Will Apple offer a replacement phone in the repair process? The AT&T store manager Jason said it isn’t AT&T’s policy to offer customers a temporary replacement phone when a phone is being repaired.Meanwhile, I popped my SIM card out of the Nokia and into the iPhone. It said to connect to iTunes to activate. I plugged the iPhone into the dock, let iTunes find it, and about a minute later it was activated without any additional input from me. iTunes synced all of my data from the automatic backup iTunes made this morning, before the first iPhone failed.Stay tuned for additional updates.
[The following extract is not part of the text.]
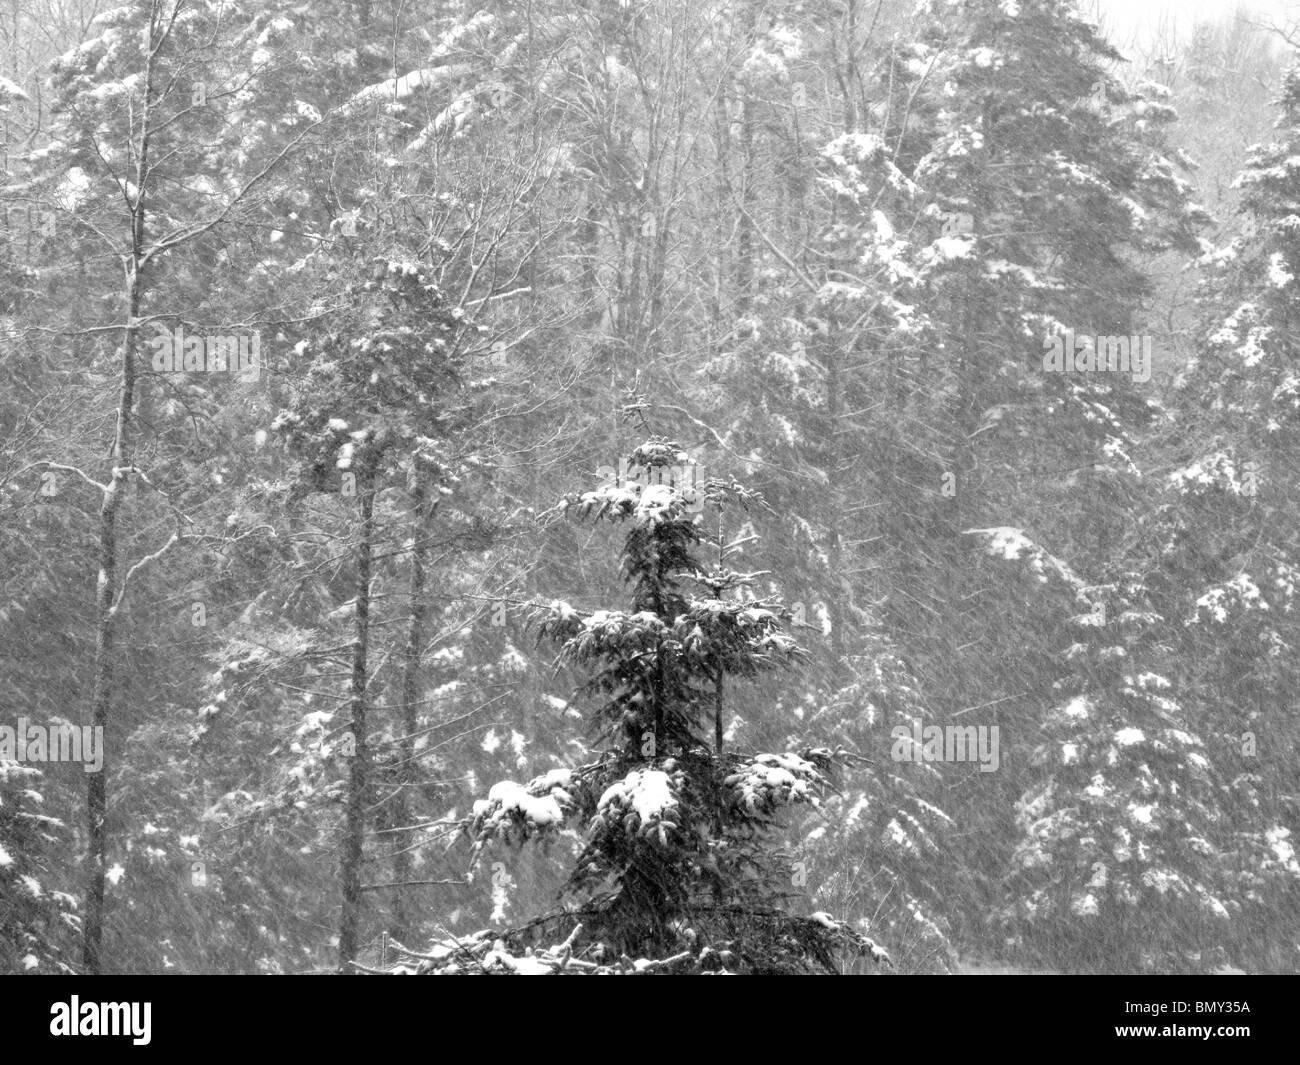 A forest of green pine trees covered with blowing winter snow Stock Photo

Update (4:43 pm): Just got off the phone with an Apple PR contact. She sent me a link to Apple’s iPhone Service: Frequently Asked Questions which pretty much answered all of my questions. So, if you’re in the first 30 days you can walk into an Apple store and get a replacement if your iPhone is considered “DOA” like mine was. After 30 days you go through the service-by-mail option, by which you’ll ship your iPhone to Apple (minus your SIM) for service, and they’ll ship it back to you when it’s fixed. You have the option of renting a replacement iPhone for $29 while yours is being repaired.

As for AT&T, a spokeswoman for the company said an iPhone you’re unhappy with can be returned for a refund (minus a 10% restocking fee) within 14 days of purchase, but replacing or repairing a defective phone must be taken up with Apple.

In sum: I was lucky the Apple Store had a replacement 8 GB iPhone in stock to swap for my defective one. I was unlucky, however, on my way out of Caesars Casino on my way back to the parking garage. I slipped a $10 bill into one of the nickel slots, pressed the first button I saw (labeled 8X), watched the digital reels spin and come to a stop, and wound up with “Game Over” with nothing more to go on with or about – which is an apt conclusion for this story, as well. (Or so I hope.)

Thanks to all who took my calls and to those who dealt with me in person, and have a great July 4th holiday.